The provision of these core functions can overlap and interact in important ways. For example, some financial products, such as deposits, combine value exchange, intermediation, risk transfer and liquidity services. With these interactions in mind, each core function is considered in more detail below.

1.1.1 Value exchange

A safe and efficient payment system is essential to support the day-to-day business of the Australian economy. There are approximately 43 million transactions in Australia every day, including cash and non-cash payments as well as transactions in financial assets. With so many payments, even relatively small inefficiencies can have significant implications for the broader economy and the living standards of Australians.

In this regard, the payment system has progressed a long way since the early Australian colonies, where the predominant means of exchange for many years was rum (Shann 1930). Today, we enjoy access to a range of convenient payment options, including cash, card and internet transfer. While future innovations are by nature uncertain, it is possible to identify some desirable qualities of an efficient payment system. It should be:

  • Timely: while not all transactions are urgent, the possibility of giving recipients timely access to funds is useful.
  • Accessible: everyone who needs to make and receive payments should have ready access to the payments system.
  • Easy to integrate with other processes: this includes the reconciliation and recording of information by the parties involved (which should also be timely and accessible).
  • Easy to use: this is not only an issue of convenience but also of minimising errors.
  • Safe and reliable: end users of a payments system need to be confident that the system is secure; that is, that their confidential information is protected. They also need to have confidence that the system will be available when needed.
  • Affordable and transparent: users can make well-informed choices about payment methods according to their cost and convenience.

Of course, there can be tensions between these objectives. For instance, making a payments system fully accessible and easy to use absorbs resources that might increase its cost.

1.1.2 Intermediation

The financial sector plays an important role in the functioning of the economy through intermediation. Simply put, the financial sector sits between savers and borrowers: it takes funds from savers (for example, through deposits) and lends them to those who wish to borrow, be they households, businesses or governments.
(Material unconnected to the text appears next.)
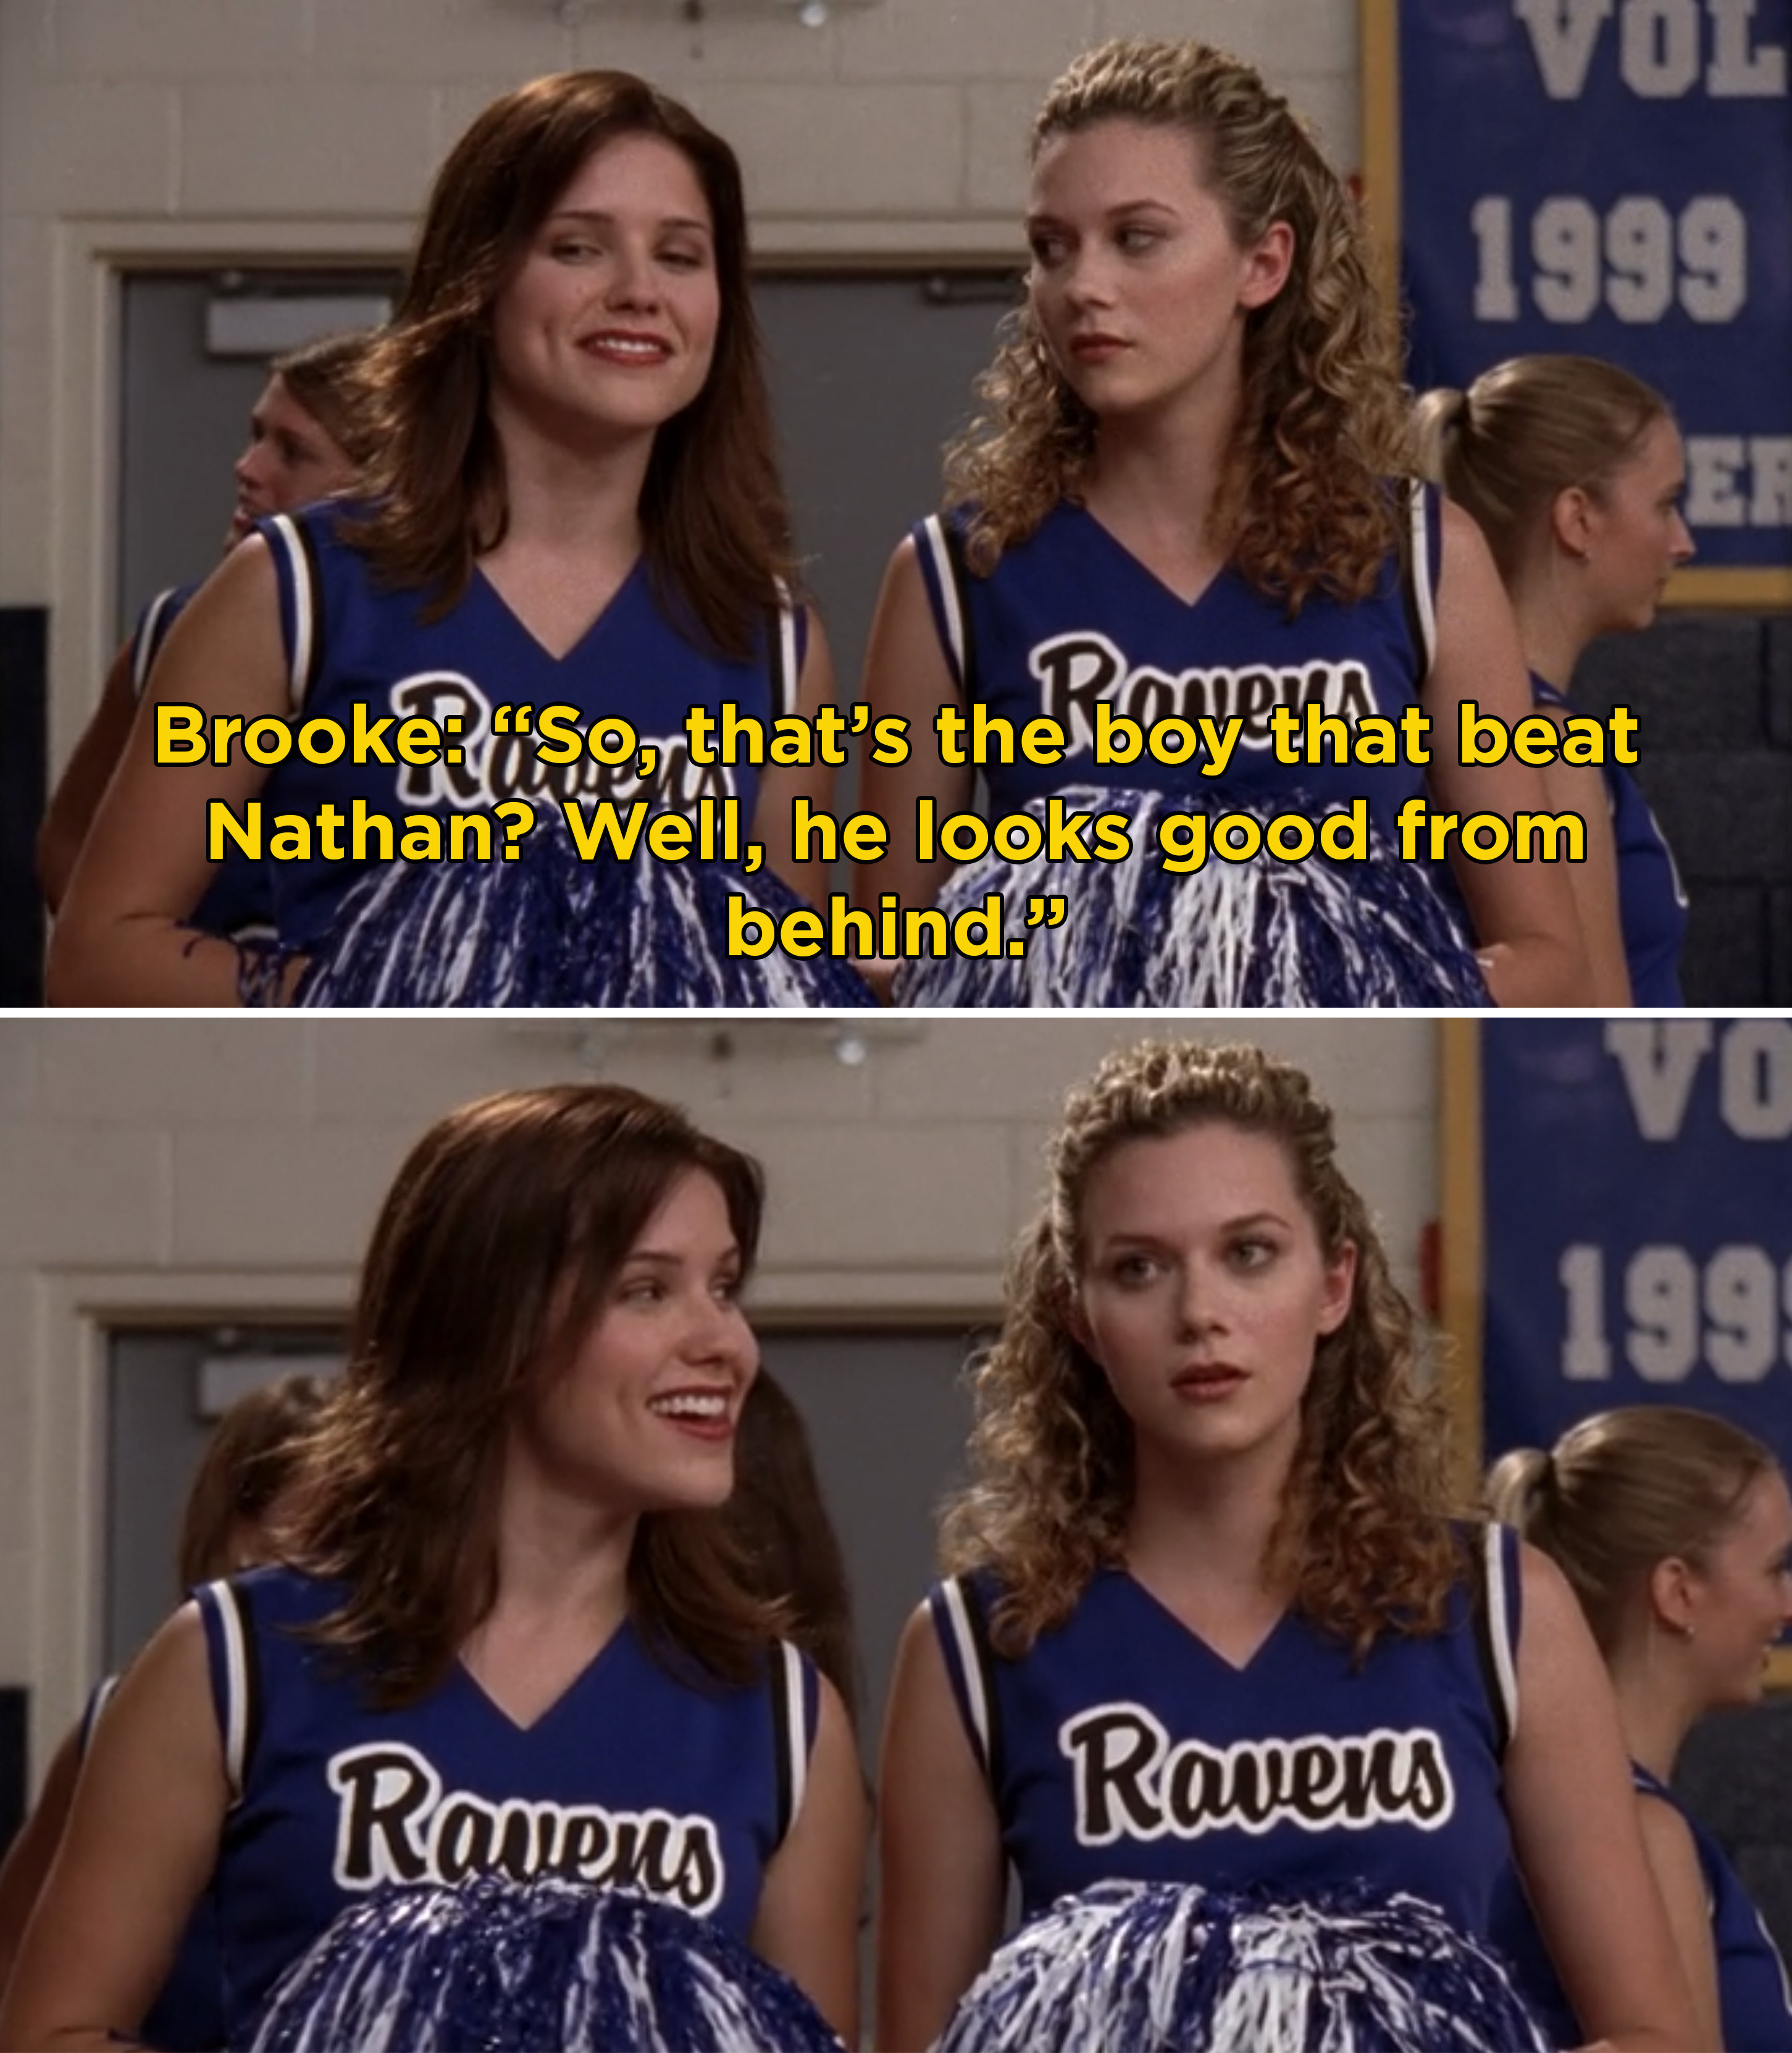 Brooke telling Peyton, "So, that's the boy that beat Nathan? Well, he looks good from behind"

Intermediation can take on many forms beyond the traditional banking service of taking deposits and making loans. For example, investment banks intermediate between investors and bond issuers. Brokers perform a similar function in connecting the buyers and sellers of equities. The common thread is that a financial institution stands between the counterparties to a transaction. Depending on the nature of the transaction, a number of supplementary functions may be required to intermediate between savers and borrowers, including:

  • Pooling resources: for example, a bank can combine a number of small deposits to make a large loan.
  • Asset transformation: financial intermediaries provide a link between the financial products that firms want to issue and the ones investors want to buy (Freixas and Rochet 2008). This includes issuing securities to savers at short maturities, while making loans to borrowers at long maturities – a process known as maturity transformation.
  • Risk assessment and information processing: financial intermediaries have expertise in screening potential borrowers to identify profitable lending opportunities, taking into account the risks that these entail (Diamond 1984).
  • Monitoring borrowers: financial institutions take steps to limit the misuse of savers' assets. This function is critical to the decision by savers to lend their money in the first place, and hence for facilitating investment in the economy.
  • Accurate accounting: together with a legal system that enforces property rights, prudent measurement is vital in enabling depositors, shareholders and investors to be paid what they are entitled to.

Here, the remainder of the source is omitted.